His son explained what he knew as far as he could, what he had suspected at first and then known and later confirmed again and again through details and ever more details and from more than one person. Do you remember that day I came home from school bleeding, he said to him, because I’d gotten really good and beaten up? The fascist little brother, they called me, the asshole little brother. Every day, they wrote Felipe Díaz on the blackboard inside a bull’s-eye, and there were even some teachers who left it up there and wouldn’t erase it for the entire class.
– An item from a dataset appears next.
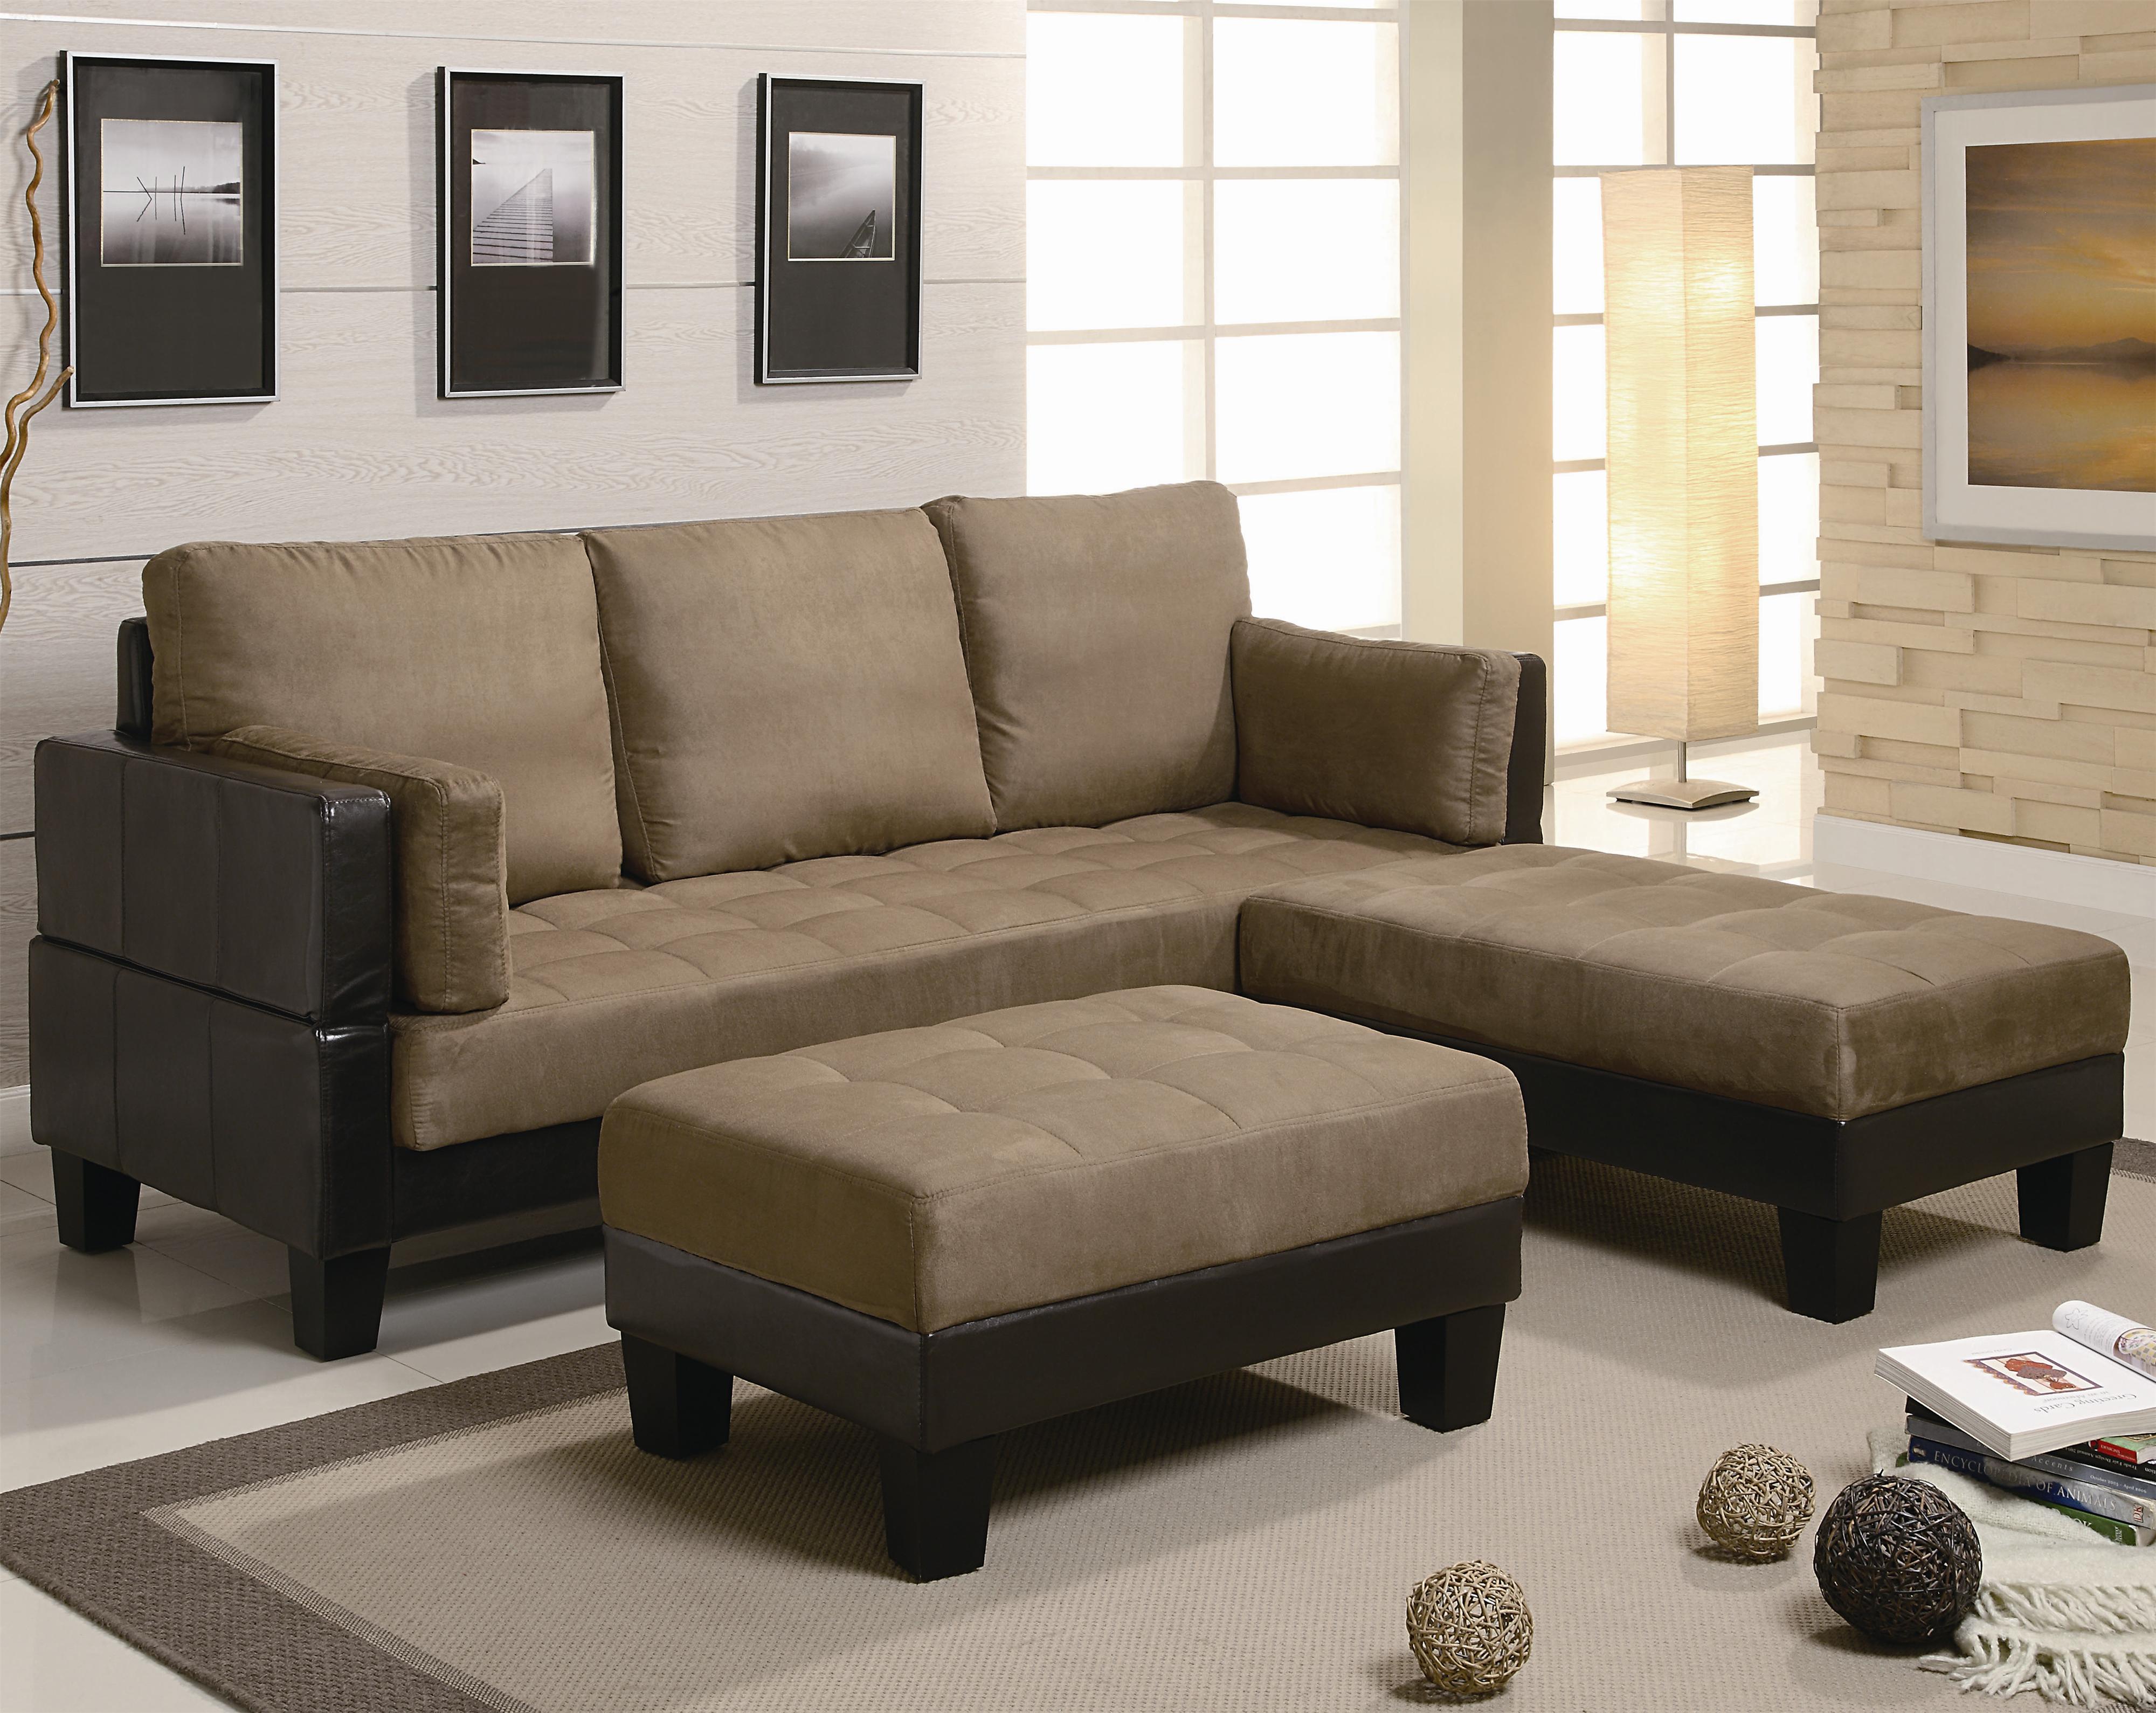 Ellesmere Contemporary Microfiber Sofa Bed Group With 2 Ottomans

Without budging, without uttering a word or making a single peep, his father listened with the full and complete attention of someone who, more than listening, is in fact seeing what is being told. But at a certain point, at a point that must have coincided with the mention of a bull’s-eye, inside a bull’s-eye, he began to repeat over the top of his son’s words, as if they were a counterpoint to them, the exact sentences from the newspaper he had just read, again and again. The perpetrator, the perpetrator of the assassination, he repeated more than anything else, he was the perpetrator of the assassination, and he said it as if he were not only saying the words but putting himself inside them in order to have been within what they were saying, as if he had immersed himself in their language to such an extent and become one with them to such a point that he could have actually been in the place where the events unfolded and even been, himself, what was done.
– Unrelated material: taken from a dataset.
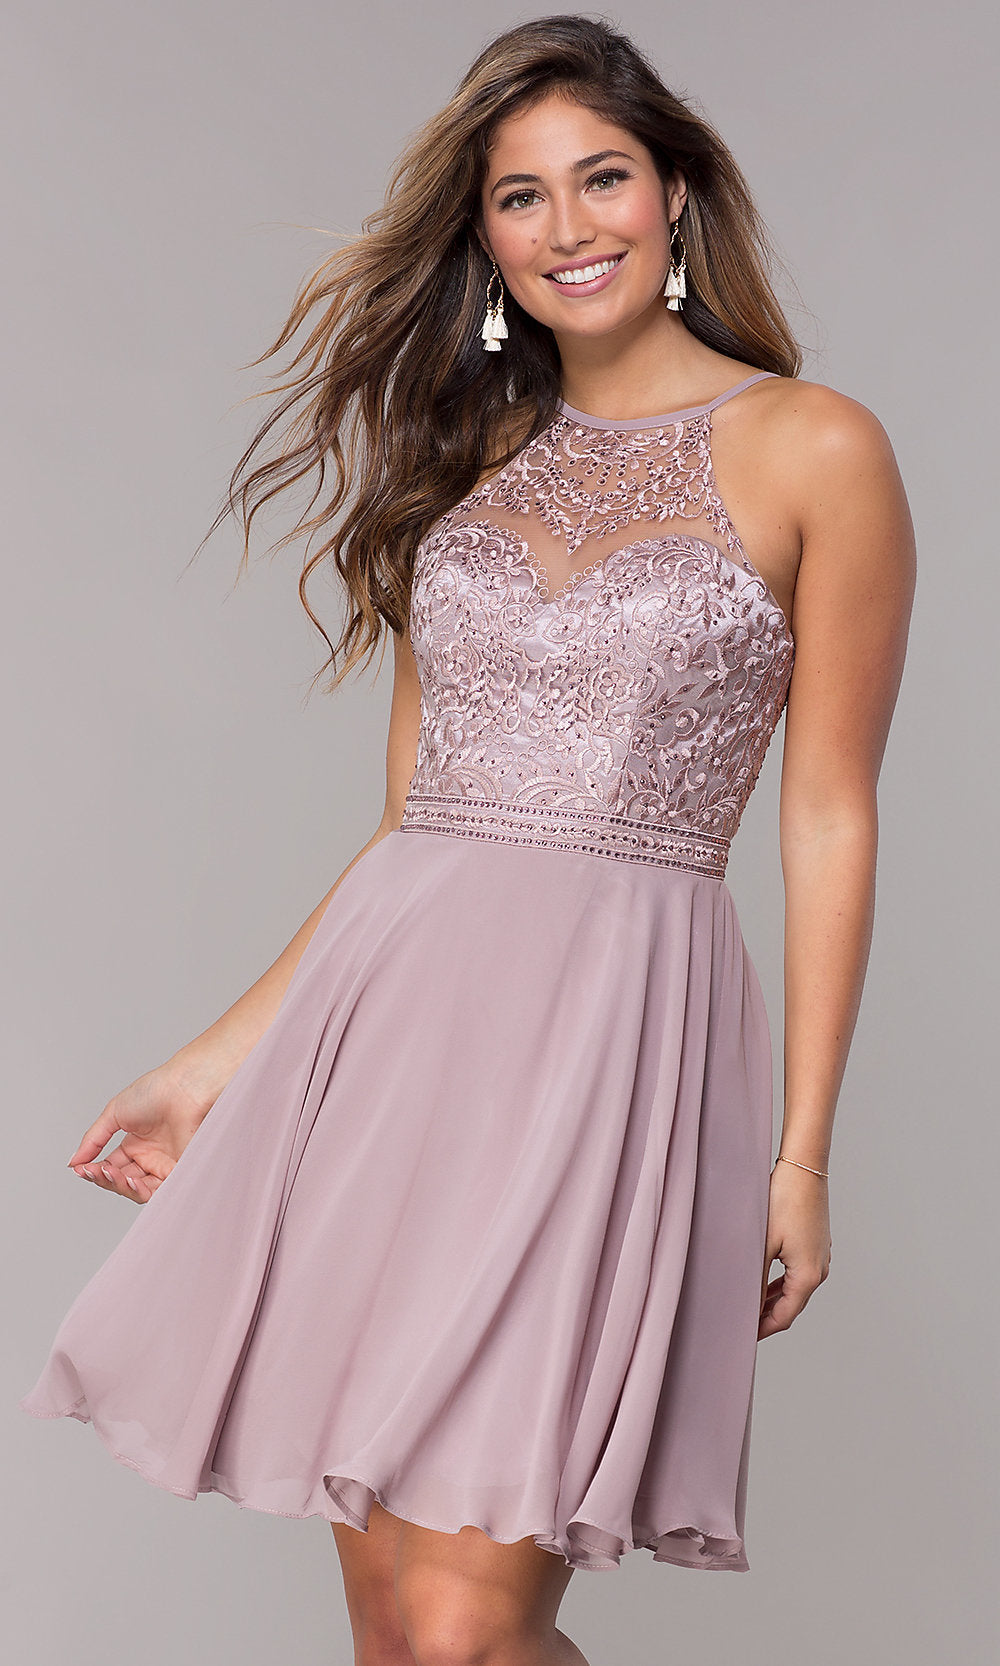 Tan Embroidered-Bodice Short A-Line Homecoming Dress

He must have been waiting there — he said suddenly with a look in his eyes that seemed to have no need to look in order to see everything — in the bathrooms or the hallway, just as he must have waited there before, on other days, blending in and hiding himself in the chaos of students, and he must have seen that day, like the others, that after a certain time there were fewer and fewer people left in most of the offices, and especially in the hallways, but that the professor nevertheless, like every other day, went on working all the same in his office, night already fallen, the building finally quiet, the hum, now only of the city, on the other side of the glass, all alone, as usual, in the silent light of his lamp, until the time the building would close. And when a long time had gone by without him seeing anyone, without anyone coming to his office to consult with him or talk to him about anything, and the humming of the fluorescent lights in the hall was the only sound you could hear, unless his own heart was beating, which I doubt, then it was he who approached the half-open door, who rapped on the door; knock-knock, knock-knock , the poor man inside would hear, and he would say come in, please come in, have a seat, don’t just stand there, mostly likely without yet raising his eyes from the work he was doing — one more paragraph, one more sentence, one word to try to understand something more about the world, to try to make some order out of it. But once he felt the presence, standing in front him, of the person he’d invited in, his figure only barely lit by the desk lamp shining its light onto the open books and the loose pages he was writing on, he would raise his eyes fully and then he would see, with a shock more chilling than anything he would have ever felt in his entire life, the outline of the individual and the shadow of the pistol that were taking him at that exact moment to the next life, the flash of the gunshots, two to the chest and another, with him now slumped over his writings, to the back of the neck — two to the chest and another, with him now slumped over, to the back of the neck, he repeated — and the shadow of the eyes of that person who was my son and had decided, he or whoever it was, like a God, and at the same time like the most imbecile of fools, to take him from this world forever.